The Oyster Question: Scientists, Watermen, and the Maryland Chesapeake Bay Since 1880 (Environmental History and the American South)

Current price: $200.78
Publication Date: October 1st, 2009
Publisher:
University of Georgia Press
ISBN:
9780820326986
Pages:
352

Description

In The Oyster Question, Christine Keiner applies perspectives of environmental, agricultural, political, and social history to examine the decline of Maryland's iconic Chesapeake Bay oyster industry.

Oystermen have held on to traditional ways of life, and some continue to use preindustrial methods, tonging oysters by hand from small boats. Others use more intensive tools, and thus it is commonly believed that a lack of regulation enabled oystermen to exploit the bay to the point of ruin.

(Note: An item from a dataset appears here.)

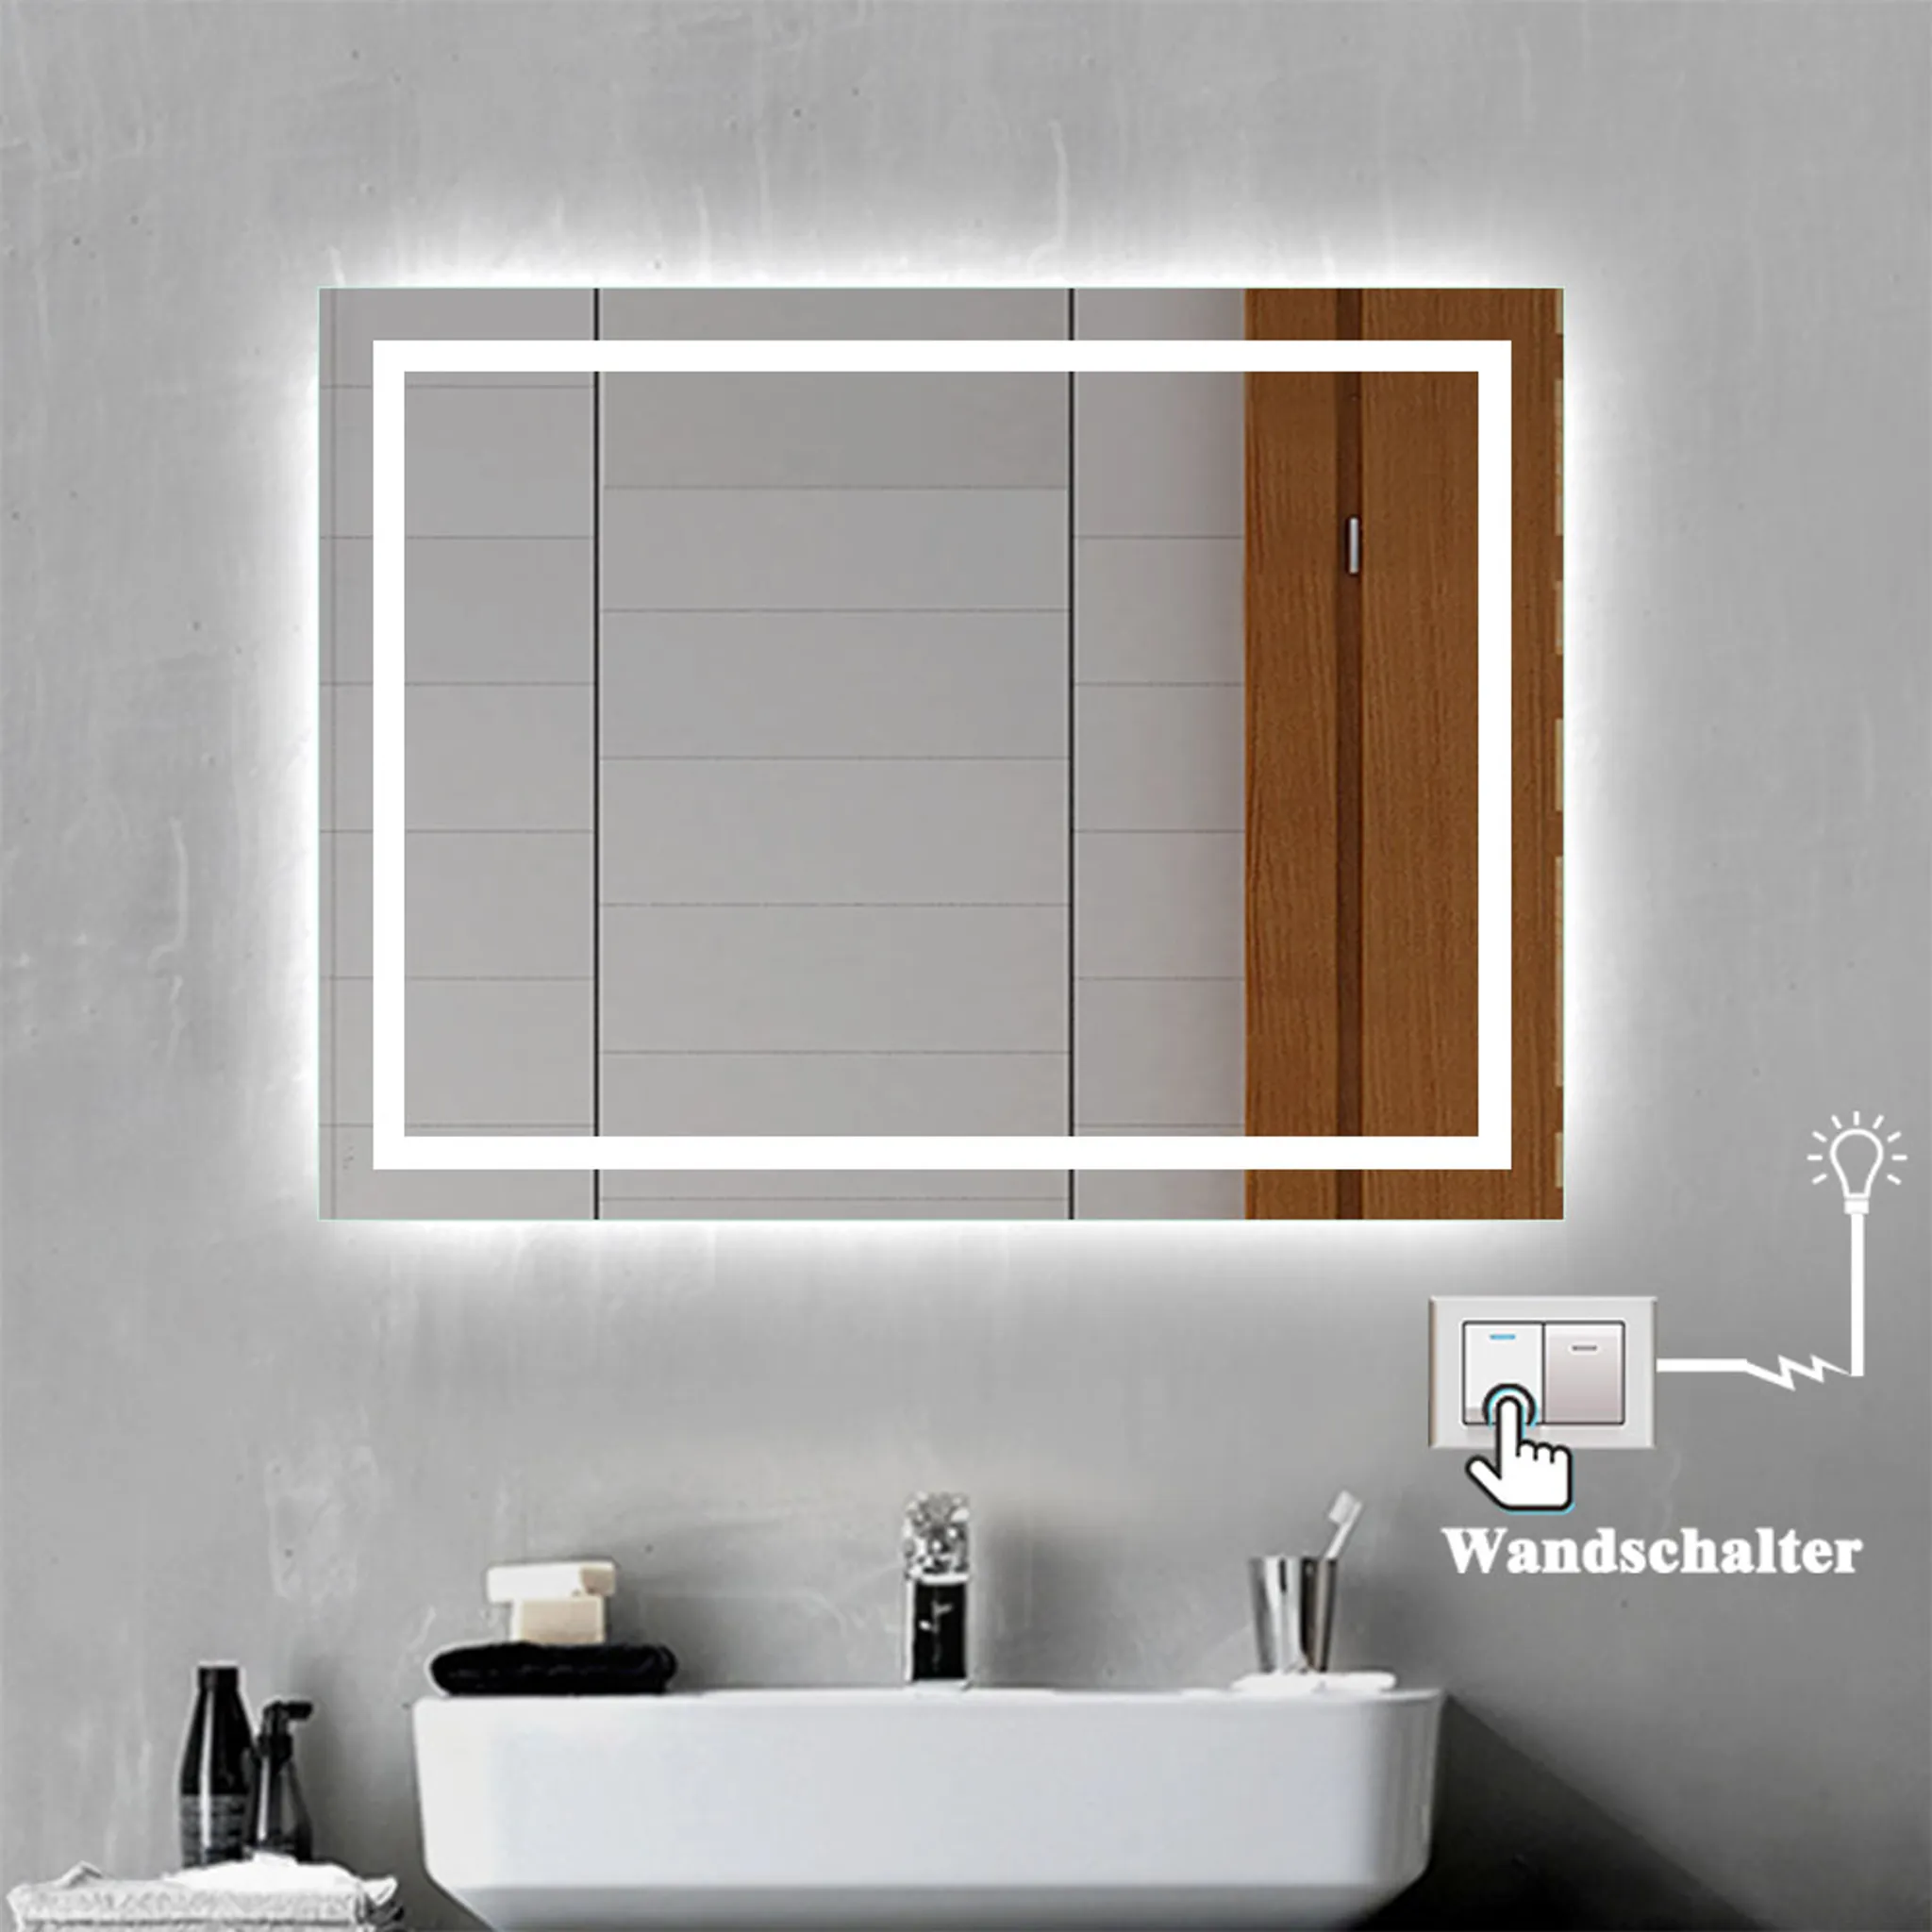 SONNI Badspiegel Lichtspiegel LED Spiegel Wandspiegel mit Sensor-Schalter  100 x 60cm kaltweiß IP44 energiesparend
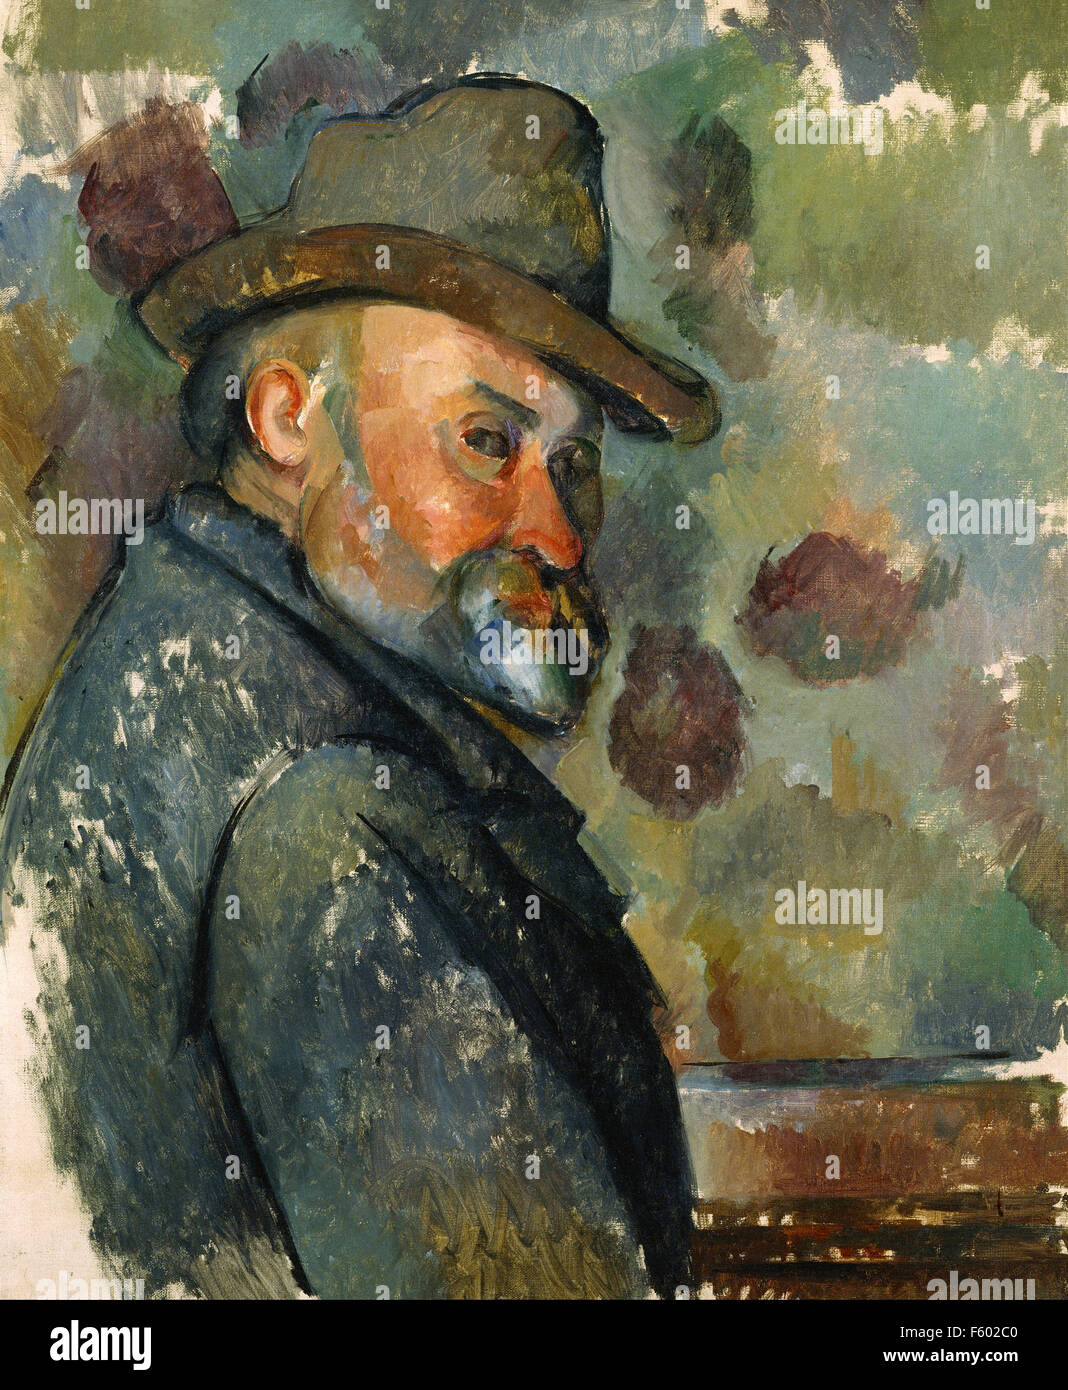 Paul Cézanne - Self Portrait with a Hat Stock Photo

But Keiner offers an opposing view in which state officials, scientists, and oystermen created a regulated commons that sustained tidewater communities for decades. Not until the 1980s did a confluence of natural and unnatural disasters weaken the bay's resilience enough to endanger the oyster resource. Keiner examines conflicts that pitted scientists in favor of privatization against watermen who used their power in the statehouse to stave off the forces of rural change. Her study breaks new ground regarding the evolution of environmental politics at the state rather than the federal level.

The Oyster Question concludes with the impassioned ongoing debate over introducing nonnative oysters to the Chesapeake Bay and how that proposal might affect the struggling watermen and their identity as the last hunter-gatherers of the industrialized world.

About the Author

CHRISTINE KEINER is a professor of science, technology, and society at Rochester Institute of Technology and the author of The Oyster Question: Scientists, Watermen, and the Maryland Chesapeake Bay since 1880 (Georgia).

Praise for The Oyster Question: Scientists, Watermen, and the Maryland Chesapeake Bay Since 1880 (Environmental History and the American South)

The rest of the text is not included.